Charlie with the long sought after cooler
Thursday, June 07, 2012
Working on 1-3 with Charlie
Today we had one of those lessons where even though it was in the 50s, by the time I got done, my hair was soaking wet in my helmet. i.e., a success.
Other than a few little bobbles, BN-A was fine - I made the same mistake I did in the show and hesitated in the trot to walk transition instead of committing, and I could have slightly improved the right trot to canter transition, but other than that it was rock solid and consistent and smooth. So fingers crossed for tomorrow.
For 1-3, we worked on improving the individual movements.
We started with some respectful transitions. Charlie was blowing me off just a tiny bit, so we did some walk-canter-walk transitions, and he got a smack with the whip if I gave the aid and he ignored it. After a frustrating 5 minutes or so, I realized it was easier if I smacked him just before he did whatever the bad thing was (blew me off, or down transition before I asked for it) and lo and behold everything went much more smoothly from that point forward. I can't feel them coming 100% of the time, but I can do something about it when I do feel them coming.

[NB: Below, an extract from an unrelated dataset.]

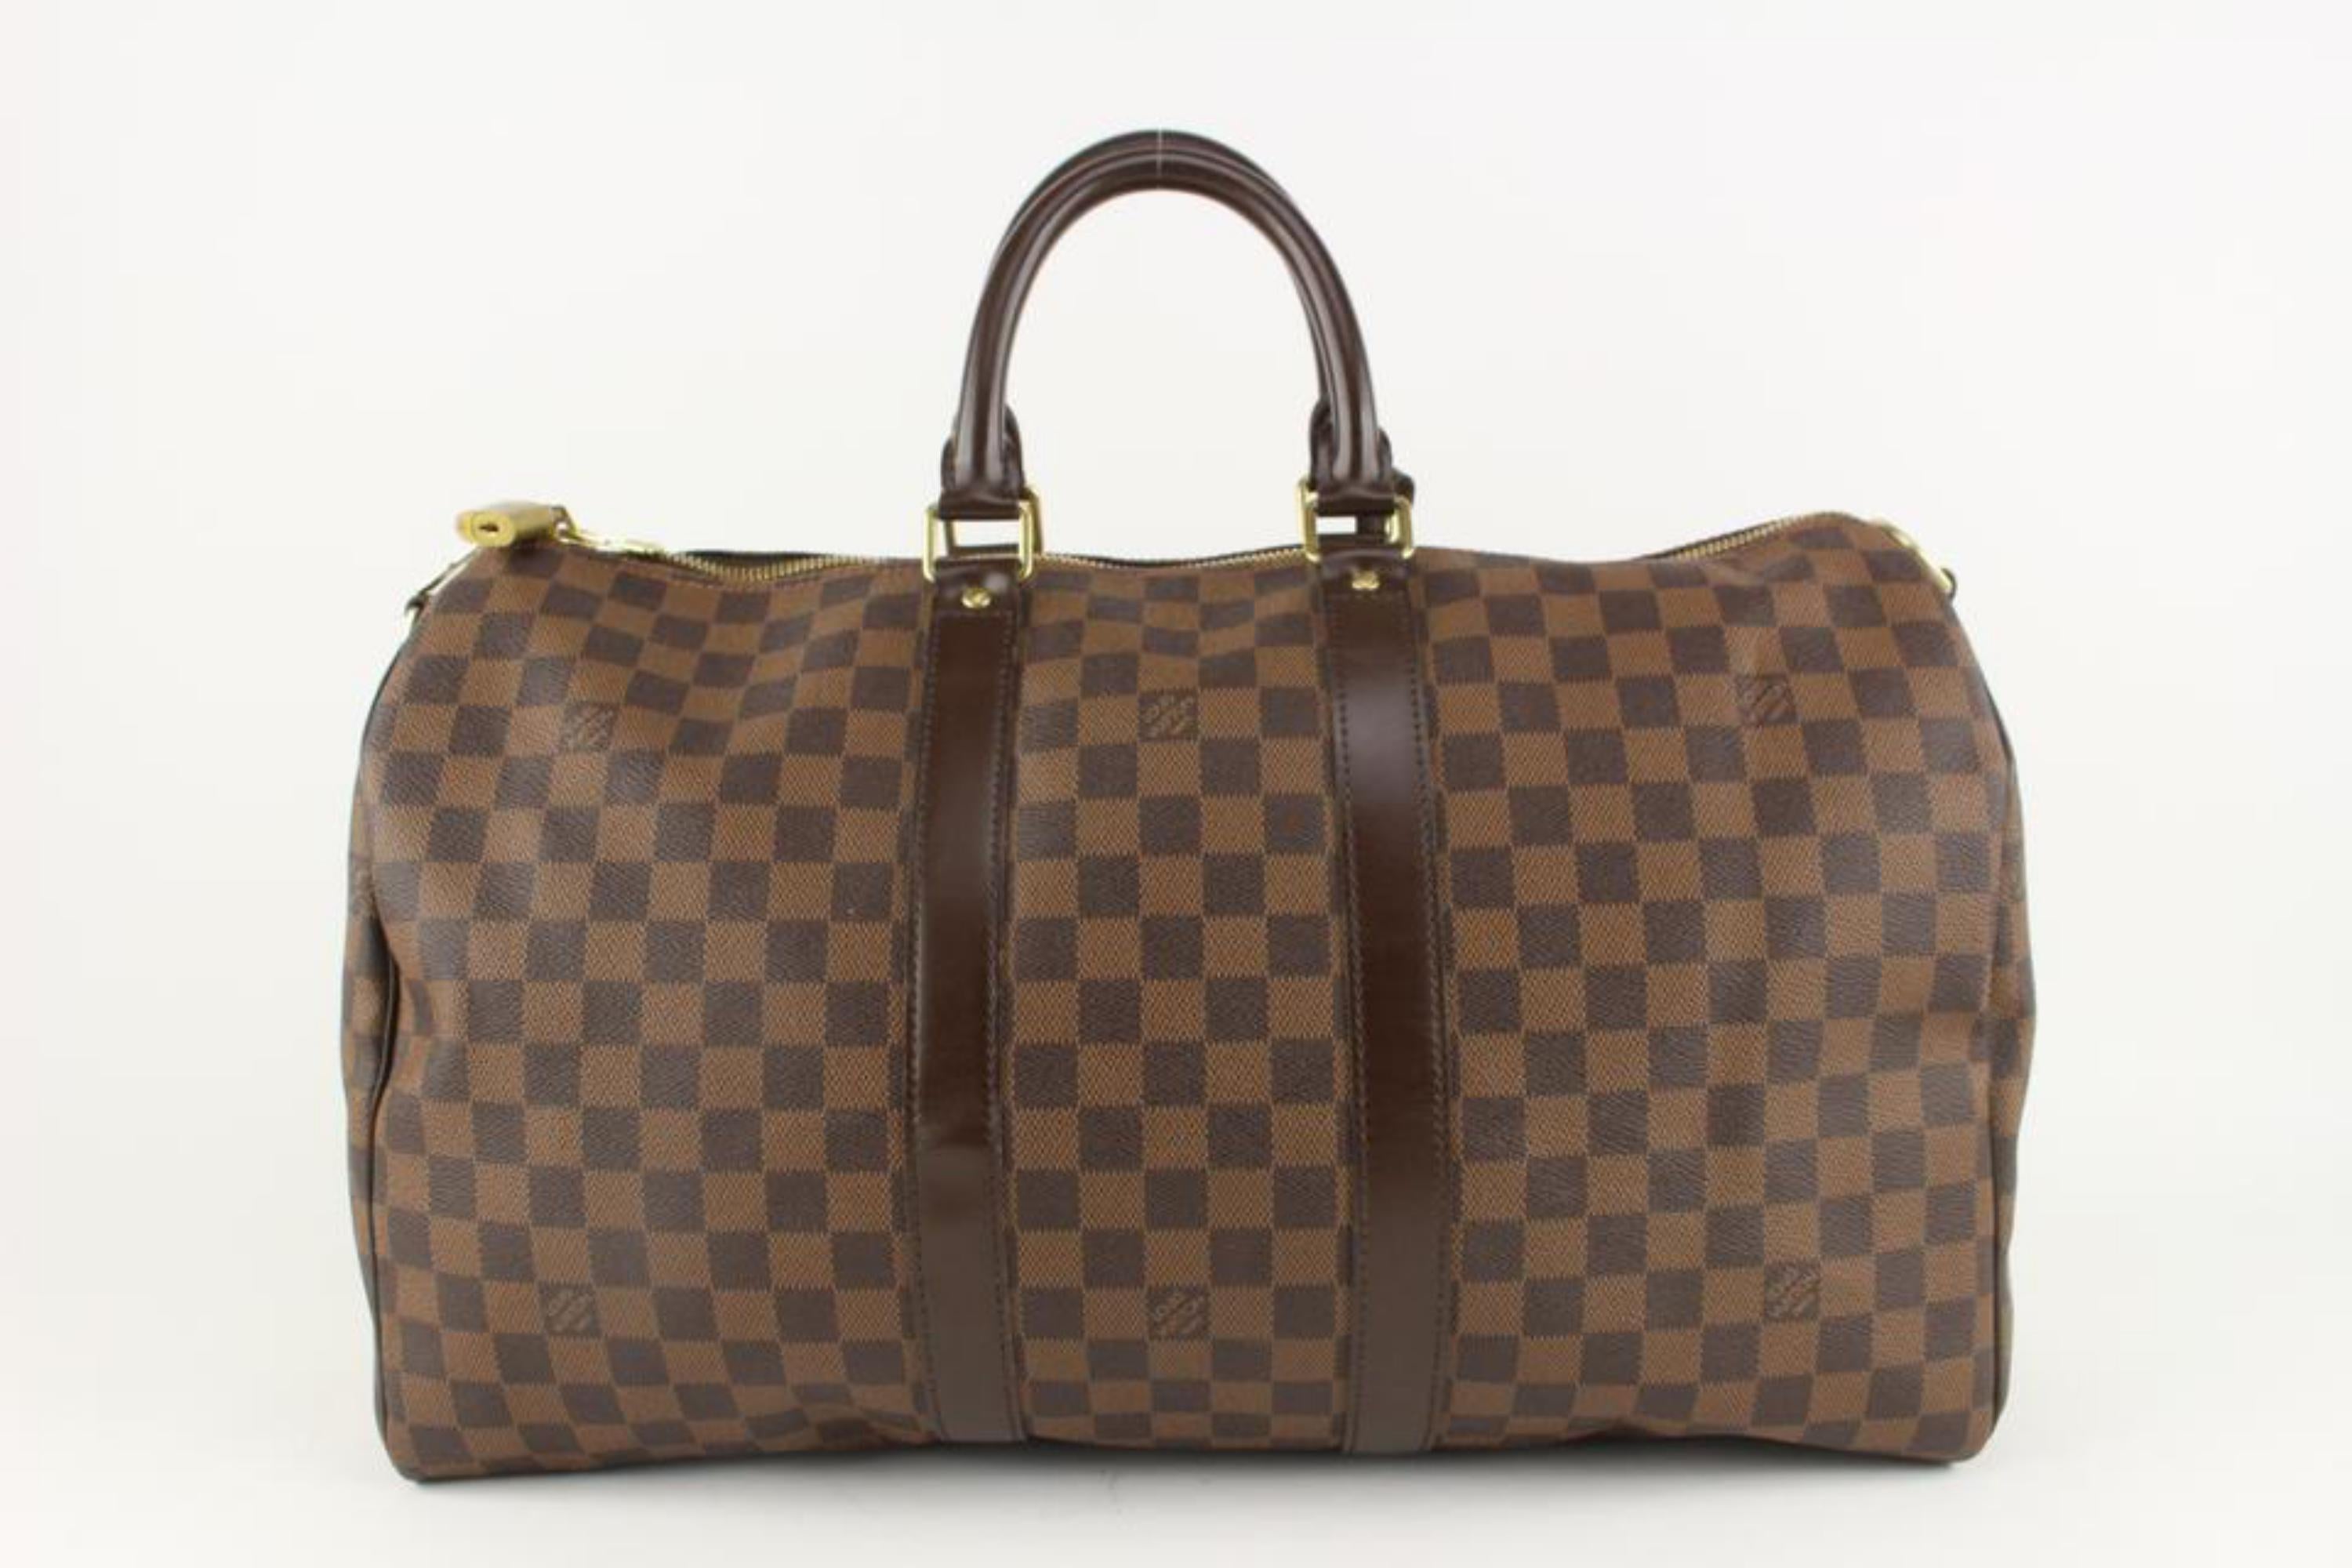 Louis Vuitton Damier Ebene Keepall 45 Boston Duffle Bag 1112lv53 In Excellent Condition In Dix hills, NY

This helped us with lengthening and then with the collection back to regular canter at the end of lengthening. We'd do a lengthening on the long side, a 20 meter circle where I'd collect him back up, and then either a down transition or another lengthening. Once Charlie caught on to what I wanted (and that it varied), he paid attention instead of "guessing" and offering what was supposed to come next.

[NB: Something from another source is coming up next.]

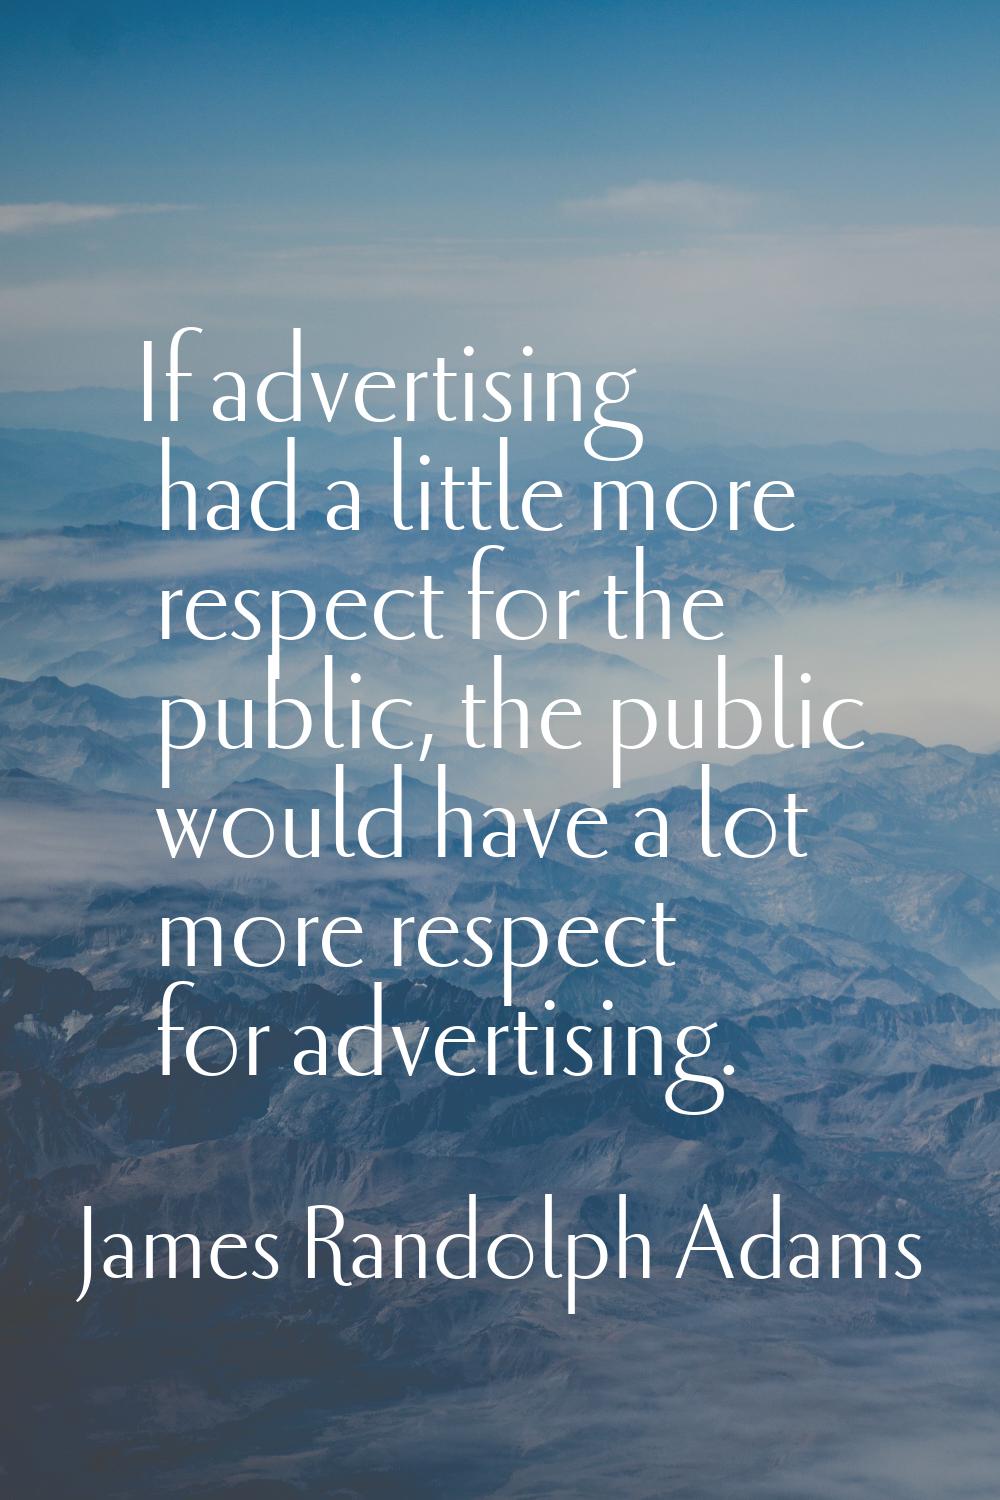 If advertising had a little more respect for the public, the public would have a lot more respect f

We also worked on the simple serpentine. I RIDE it (ride being the operative word there, instead of just pointing him in the direction I want him to go), with my inside leg forward, a soft seat, and just a touch on the forehand, so that he doesn't try to offer a flying change.
Then we worked on the canter-trot-canter transition across the center line, and again, if I actually ride each step, I get a smooth, flowing transition.
For the trot lengthening, that's going to be more of a long term project, so for the dressage show at the end of June, we're just going to ride what he's got (probably a 5) and make up for it on the other movements. I tend to kind of fling him forward and rush it, which is worse than just having it be a somewhat "meh" movement.
Oh! And for stretchy trot circle, he tends to get a little fast, so I ride him by halting with my inner thighs, kind of like thinking about asking him to walk.
We also started with the leg yield-shoulder in-leg yield exercise, which really helped for those first two movements, and on the two 10 meter circles, I need to learn my 10 meters better (I kept blobbing them out all big) and also have about three steps on the center line and clearly change the bend from left to right on those three steps. About half way through the leg yield, just think shoulder in, and that helps me put his hind leg back underneath him and keep his shoulders from leading. It's much harder going to the left than the right - which was the same on Willig, so it must be something about my confirmation.
For the long walk, I need to let my hips rotate (like bike pedals going around) so that I don't restrict his good stretchy walk.